Crucified on the Hammer and Sickle – The Perfect Symbol for How the Likes of Morales Treat Christians

Francis, Evo Morales
L'Osservatore Romano/Pool Photo via AP

Only God Himself knows what was going through the head of Bolivian president Evo Morales when he thought it would be a good idea to give Pope Francis a “Hammer and Sickle Crucifix“.

Although, according to reports, the Pope diplomatically rebuked the president, saying “No está bien eso” (“That’s not right”), Morales has unwittingly presented His Holiness with an incredibly powerful symbol.

After all, Christ has been crucified thousands if not millions of times on the hammer and sickle, with communists and socialists around the world renowned for their brutal suppression of Christians, their slaughter of clergy and their attempts to culturally eliminate all vestiges of the faith.

Yes, Karl Marx is often misquoted in calling religion the “opium of the people”, with critics pointing out that he preceded these words by calling it “the sigh of the oppressed creature, the heart of a heartless world, and the soul of soulless conditions.”

Yet this faint praise still implies there will be no need for it in Marx’s materialist utopia, once the capitalist order is overthrown and oppression ended.

Right now, China’s Communist government is sending Christians off to re-education camps in the hope of halting the rapid expansion of the faith in their country. This is their punishment for worshipping in underground “house churches” rather than government-approved building where all clergy are vetted to make sure they toe to party line.

Just last month, authorities pulled down a multi-million dollar cathedral-like church in Wangling, Zhejiang province while a similar church was destroyed last year in Wenzhou just days after it was completed.
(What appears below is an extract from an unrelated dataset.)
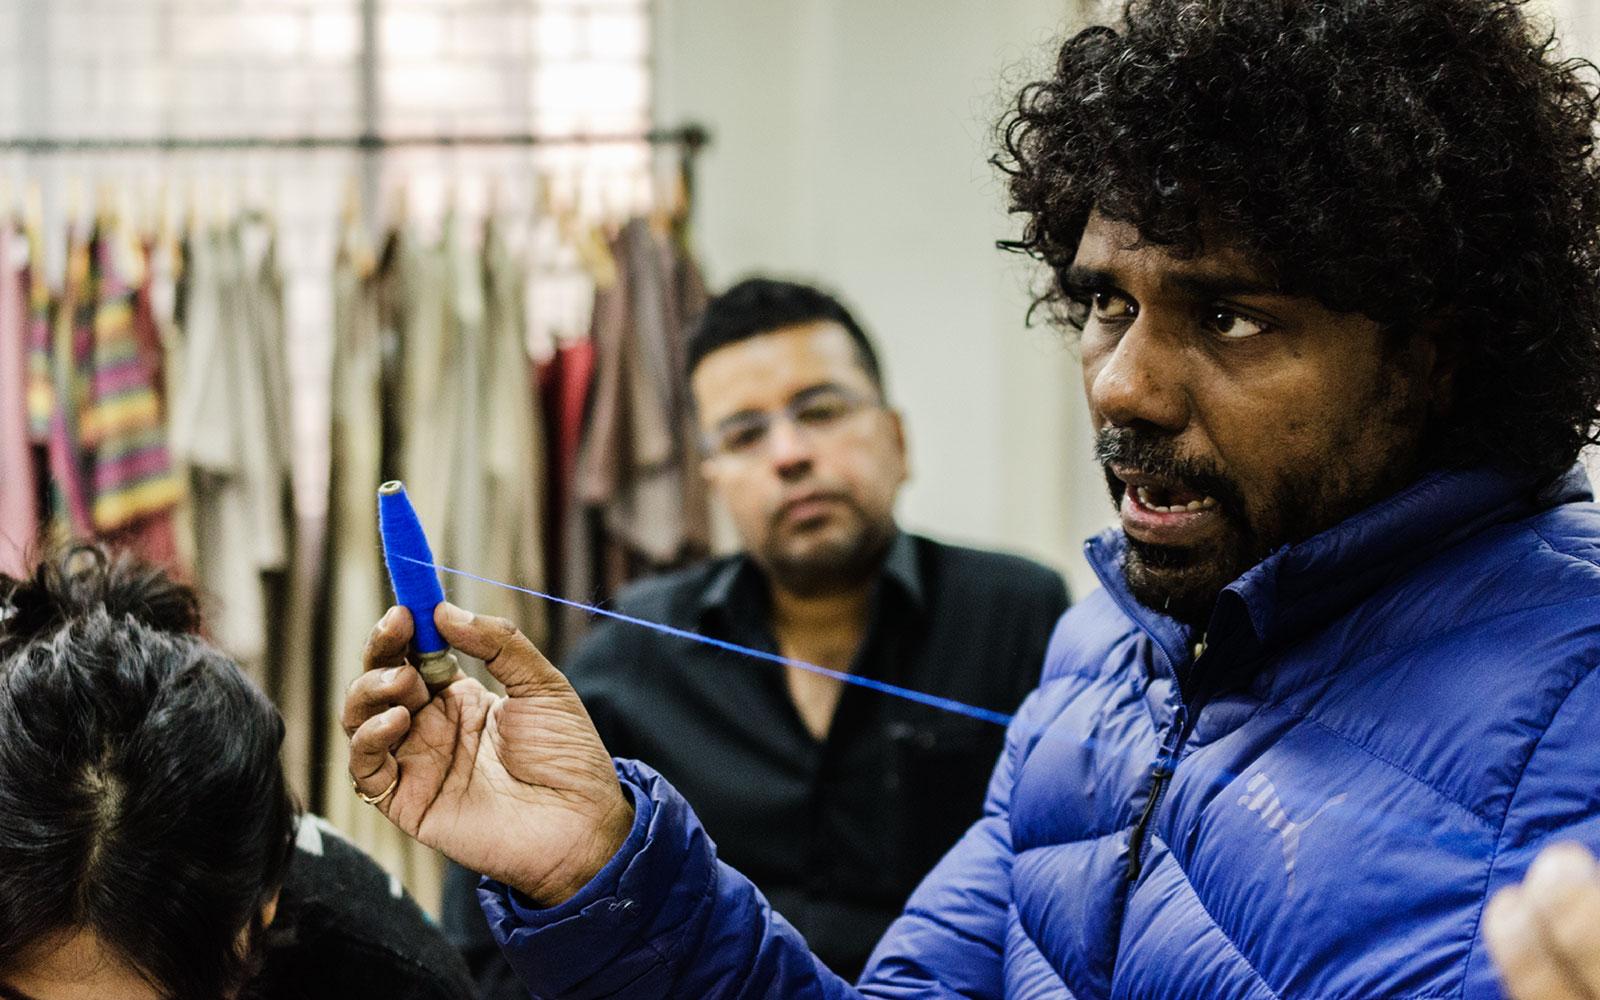 Designer-maker Gaurav Jai Gupta takes an engrossed audience through his creative process

In the Russian revolution, the Bolsheviks also had a knack for destroying holy buildings. Following their victory in the Russian Civil War, the Reds blew up churches and massacred clergy in a bid to culturally cleanse the new Soviet Union of its Orthodox past.

Atrocities included the 1918 drowning of the Bishop of Tobolsk for organising a religious procession the day after the exiled Tsar had passed through his town. Around 600 monasteries and convents were also destroyed as they were “parasitic communities”.

The Republican fighters in the Spanish Civil War, so beloved by British metropolitan liberals as virtuous freedom fighters, were not much better. The side many in UK were told were the “good guys” were ruthless in their extermination of Catholic clergy, with nearly 7,000 priests, monks and nuns killed.

In one incident in Toledo, the South African poet Roy Campbell witnessed 17 Carmelite monks being rounded up and shot by communist militias. Their bodies were left lying where they fell, along with the bodies of several priests throughout the narrow streets of the city.

Even the comparatively more gentle Evo Morales has been quick to strike at the Church, despite his bizarre attempt at friendship yesterday.

Despite the best efforts of some Latin American clergy to make peace with socialism through so-called “Liberation Theology” – a doomed synthesis of religion with materialist ideology – left-wing governments such as those of Morales have wasted little time denigrating Christianity.

He has reportedly described the Catholic Church as his “main enemy” and removed its status as the state religion in 2009. He has also seize Church land, tried to stop having religious feast days as national holidays and attempted to eliminate religious education in state schools.

So Morales’s gesture yesterday was all the more unusual. Apparently based on a similar carving made by Jesuit human rights activist Fr Luis Espinal, it is nonetheless clearly blasphemous. Maybe Morales knew this and thought it would be a good way to chide the head of his “main enemy”. Or maybe he had no idea, something which is possible given he himself follows an unusual mixture of Catholicism, indigenous beliefs and communist ideology.

Either way, the symbolism of his gift to the Pope is more powerful than he probably intended.